I’m always tempted to roll my eyes and respond cynically when confronted with unqualified, fear-building statements like the “Britain is broken” refrain currently popular with the Tories. It’s too easy a statement, illustrated with anecdotal evidence, and implying that since you’re the ones claiming there’s a problem, people need you to fix it.

Of course, someone living as comfortably as me needs to be reminded that rolling our eyes and bringing out a cynical line is not really enough of a response. It’s increasingly seeming like even careful analysis, counter-examples and discussion aren’t enough either, but those of us who value those things should probably keep trying. And we need to do what we can to ensure that we’re not simply blinded by our comfort.

I was glad to see The Economist’s Through a glass darkly: Britain’s Broken Society attempting to bring some sober analysis to the table. (I don’t agree with them on the tories having the best education plans, but still…)

They rightly pick up on the issue that there is a real problem not only in the fact that societal fear is out of step with the relevant statistics, but also pick up on the ongoing issue that statistics (official or otherwise) are so rarely trusted.
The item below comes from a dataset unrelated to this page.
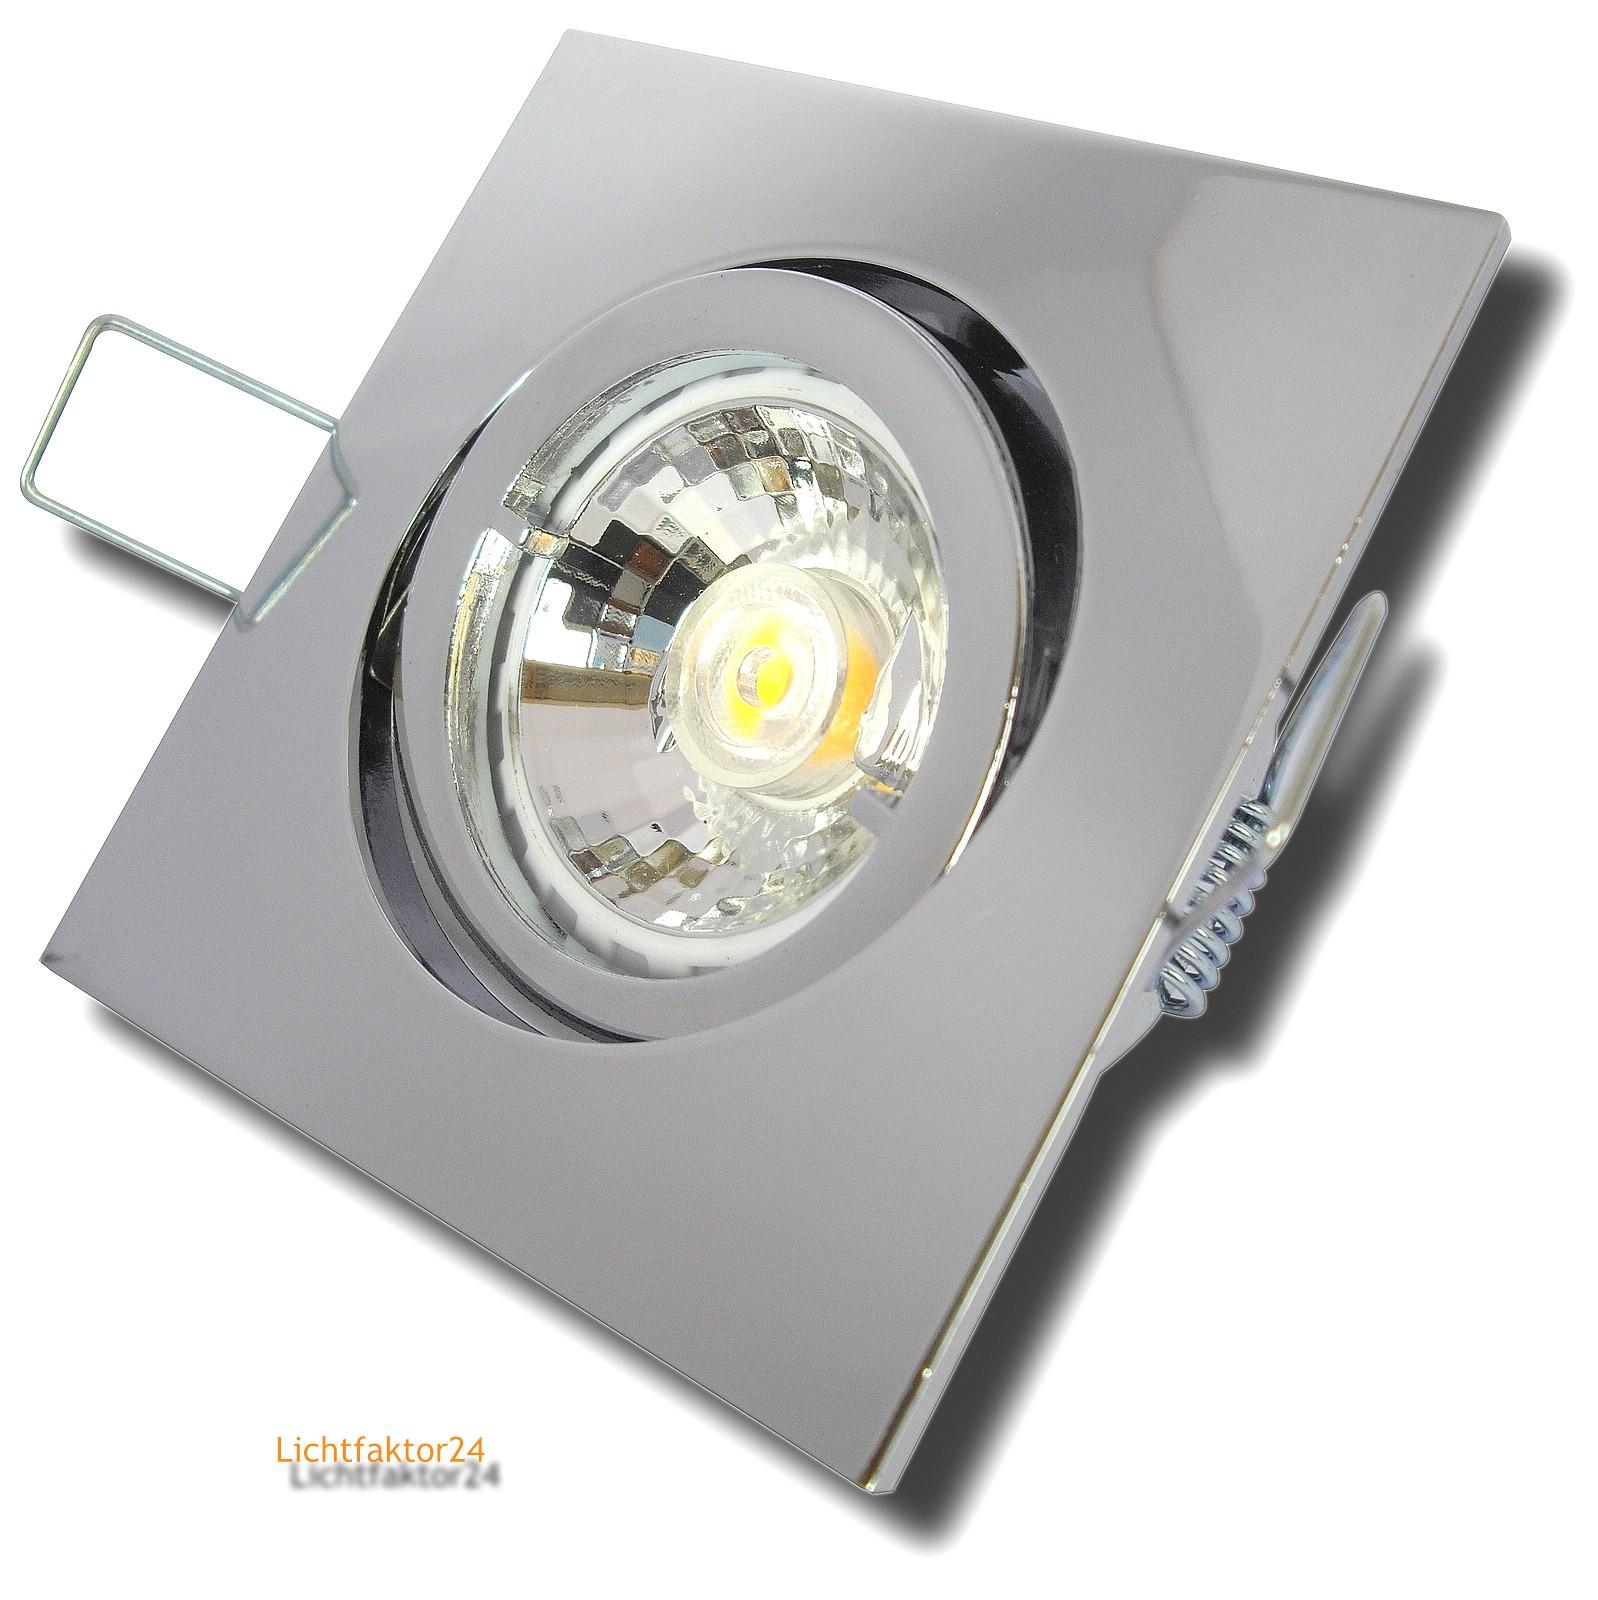 7w led leuchten sets dimmbar 230volt schwenkbar. Black Bedroom Furniture Sets. Home Design Ideas
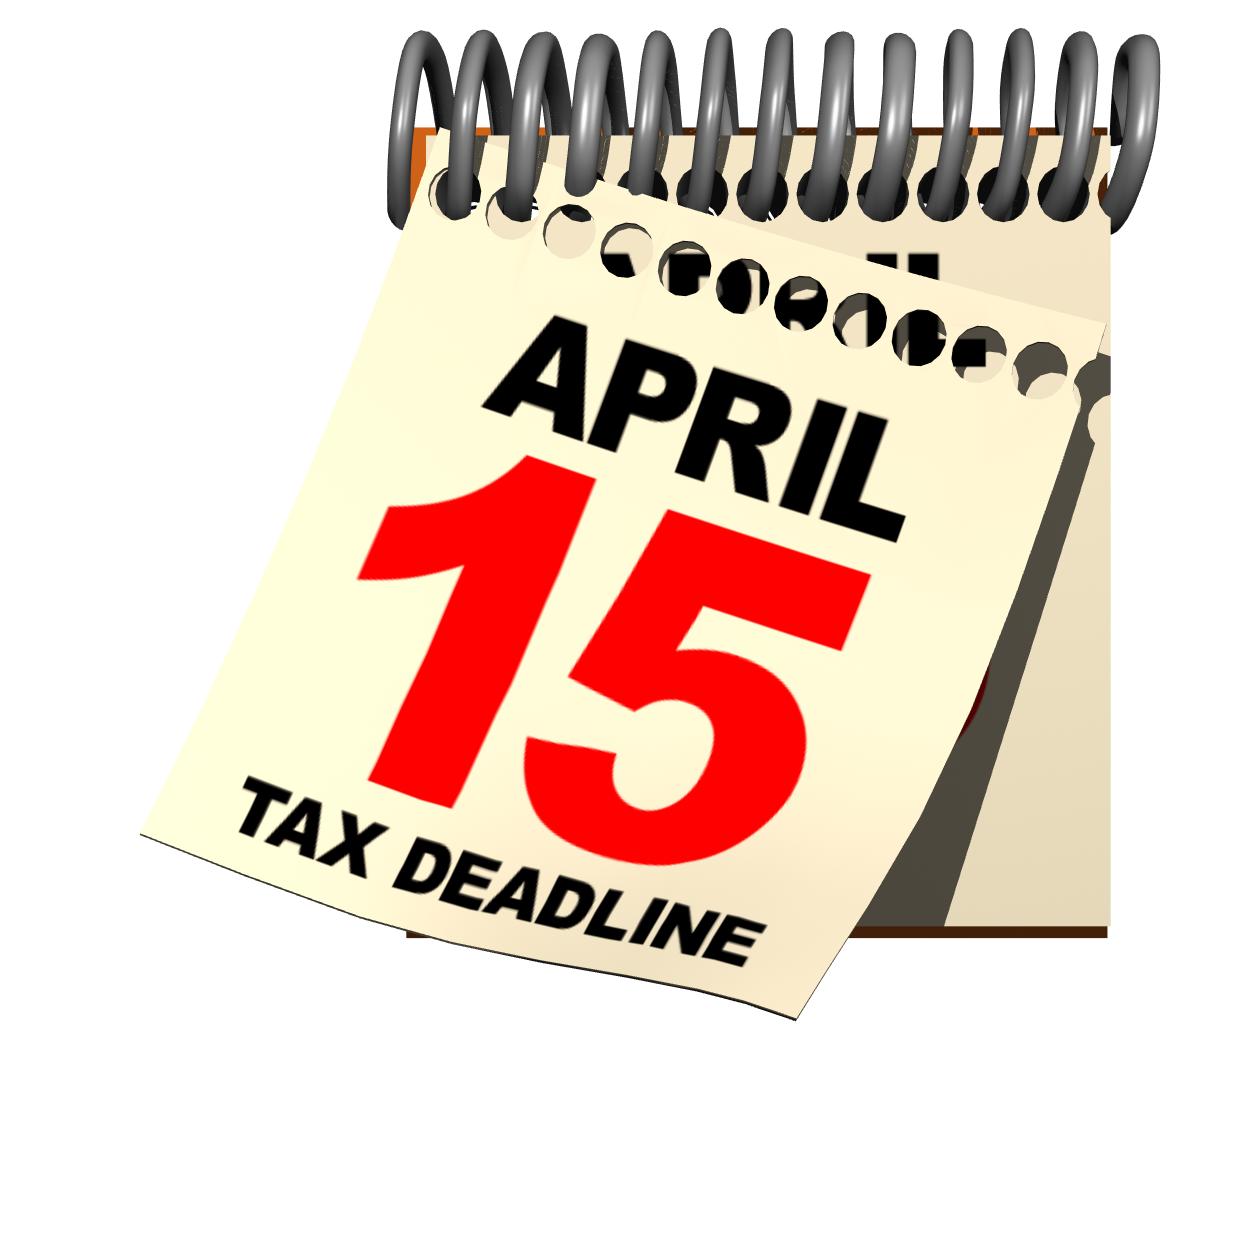 april 15 deadline - Taxes Due PNG

That’s an issue that urgently needs a solution if we’re to have a hope of meaningful discourse in the run-up to the election. Statistics can always be spun, but we need to be ready to ask the right questions rather than simply dismiss them.

why is it that the idea of “broken Britain” rings true with so many, when it seems far from reality? Partly, it is because people’s ideas about the state of society are simply inaccurate: the average voter reckons that four out of ten teenagers have children, for instance, whereas in fact perhaps three in a hundred do. Official statistics to the contrary are viewed with suspicion after successive governments have relentlessly massaged them.

There’s also something very striking in an anecdote about newspapers:

Newspapers were no less lurid a century ago. But there is one big change: a shift in readership from local papers to national ones.

They talk about London knife crime fears that were blown up nationwide and rarely tempered with the local knowledge and broader information that were only reported within the city. Even though everyone theoretically has access to that local information through the wonders of the internets, we retain an inability to really contextualise the stories that are so rapidly flashed in front of our eyes.